OGJ Newsletter
Canada delays methane-emission regulation
The Canadian government is delaying by 3 years the start of a crackdown on methane emissions by the oil and gas industry.
In March 2016, Prime Minister Justin Trudeau agreed to match cuts of 40-45% during 2012-25 announced a year earlier by the administration of former US President Barack Obama.
The new US administration of Donald Trump has eliminated requirements imposed by its predecessor for reporting of methane emissions and delayed compliance of an emissions rule pending reconsideration.
According to press reports, Natural Resources Minister James Carr acknowledged Canada's delay reflects concern about competitiveness of the Canadian oil and gas industry in the wake of the US changes.
Environment Minister Catherine McKenna said that the emission targets remain unchanged but that regulation won't begin taking effect until 2020.
ExxonMobil bid for Russia sanctions waiver rejected
The Trump administration will not be issuing waivers to ExxonMobil Corp. and other US companies authorizing oil and gas drilling currently prohibited by sanctions against Russia. US Treasury Sec. Steven T. Mnuchin's Apr. 21 statement came following reports days earlier that the US multinational oil company sought permission to resume operations in the Black Sea with partner OAO Rosneft.
Such waivers will not be forthcoming from Treasury's Office of Foreign Assets Control following a consultation with US President Donald J. Trump, the secretary said.
ExxonMobil immediately issued a statement acknowledging Mnuchin's announcement. "Our 2015 application for a license under the provisions outlined in the US sanctions was made to enable our company to meet its contractual obligations under a joint venture agreement in Russia, where competitor companies are authorized to undertake such work under European sanctions," it said.

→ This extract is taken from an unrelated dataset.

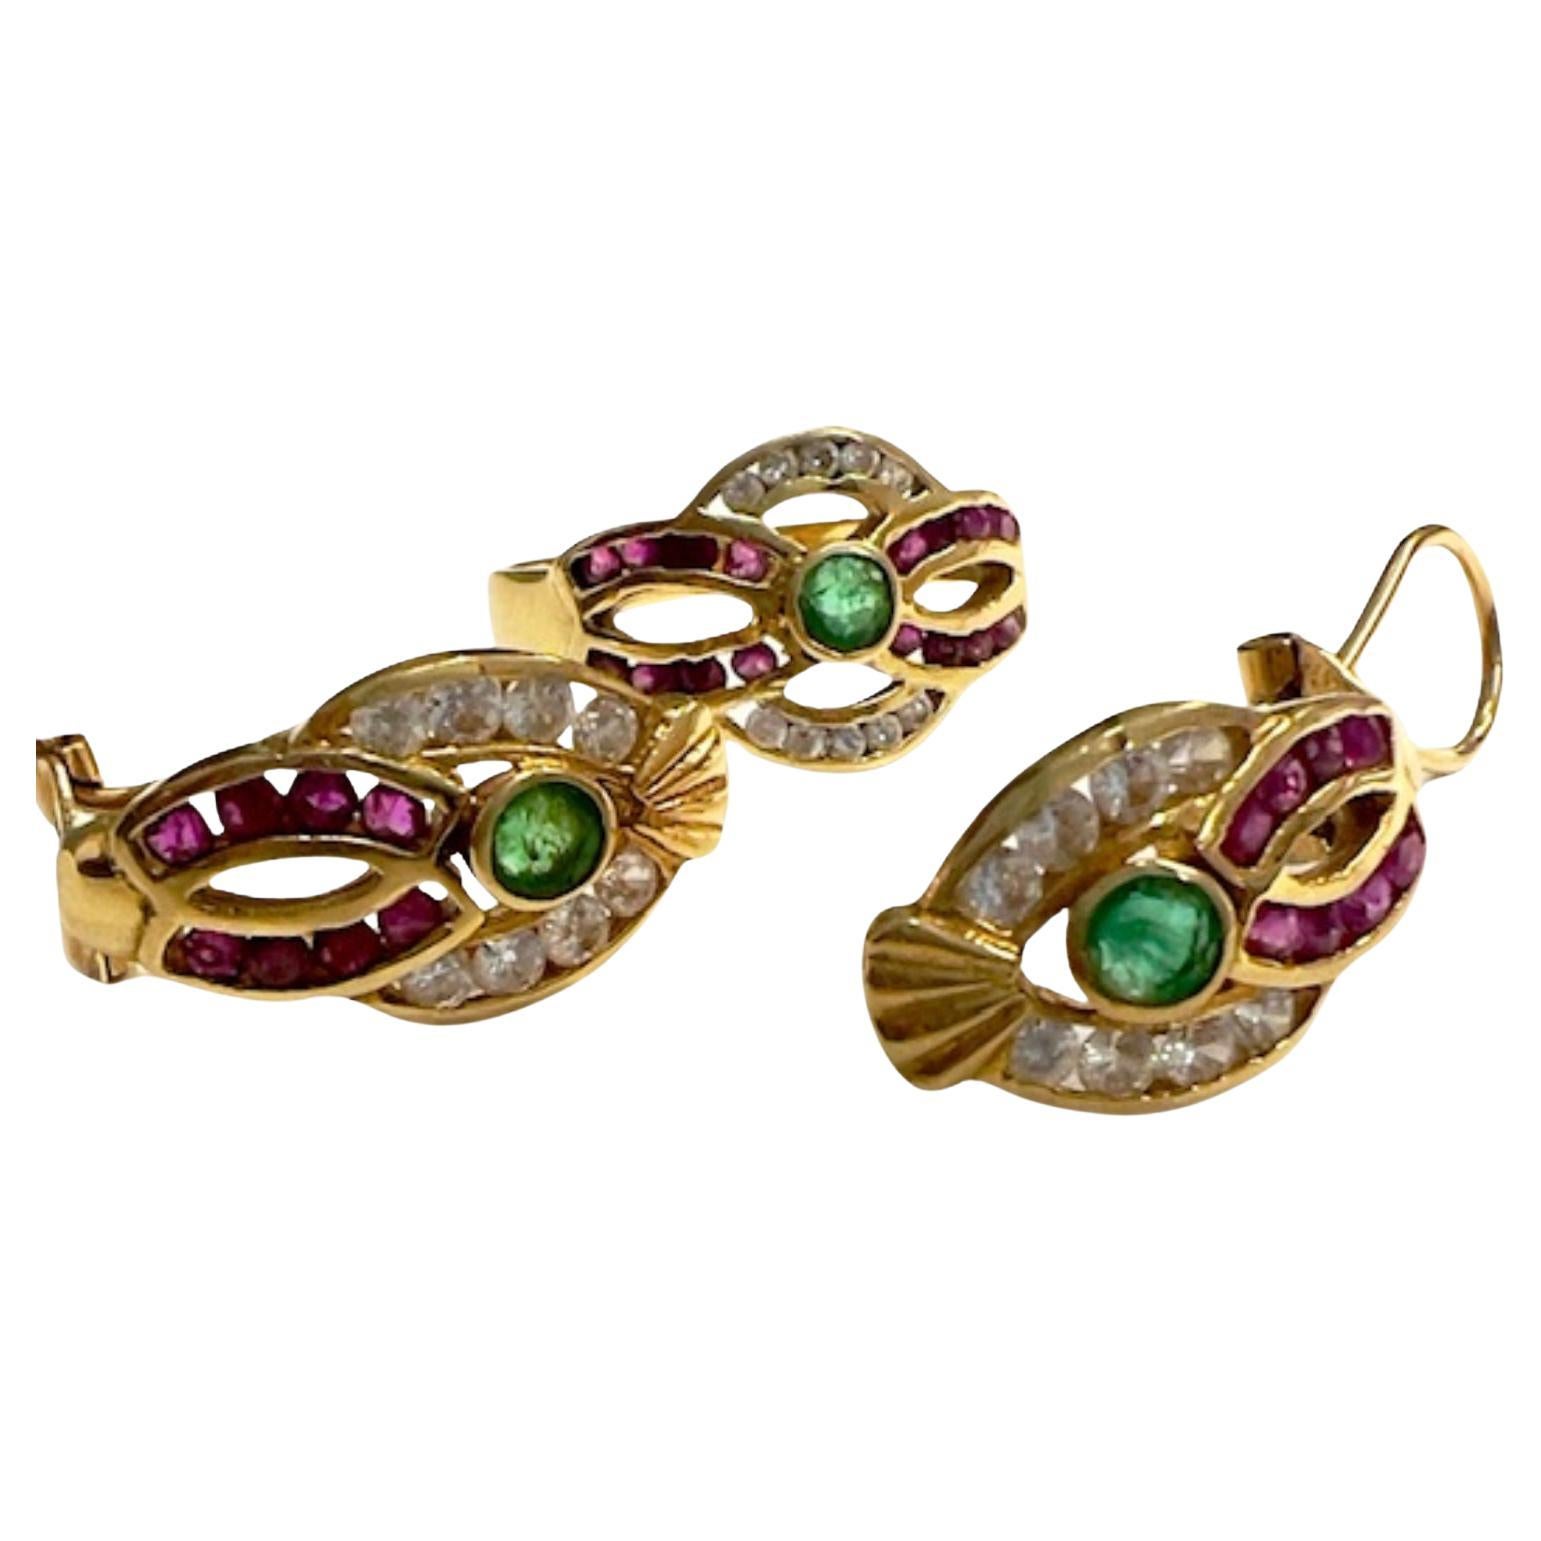 Contemporary Zircon, Emeralds, a Rubies 18 kts yellow Gold Earrings and Ring

ExxonMobil and Rosneft agreed in 2011 to undertake joint exploration and development of hydrocarbon resources in Russia, the US, and elsewhere as well as to share technology and expertise.
ExxonMobil began to wind down its participation in the agreement in 2014 after the US and the European Union imposed sanctions on Russia after it annexed Crimea from Ukraine earlier that year.
China's Himalaya Energy to buy Chevron Bangladesh firms
Chevron Global Ventures Ltd., a wholly owned subsidiary of Chevron Corp., has reported its intention to sell the shares of its wholly owned indirect subsidiaries operating in Bangladesh to China's Himalaya Energy Co. Ltd.
Through its Bangladeshi subsidiaries, Chevron serves as operator of Bibiyana field on Block 12, Jalalabad field on Block 13, and Moulavi Bazar field on Block 14.
Chevron produces natural gas and condensate from these three fields in the northeast of the country.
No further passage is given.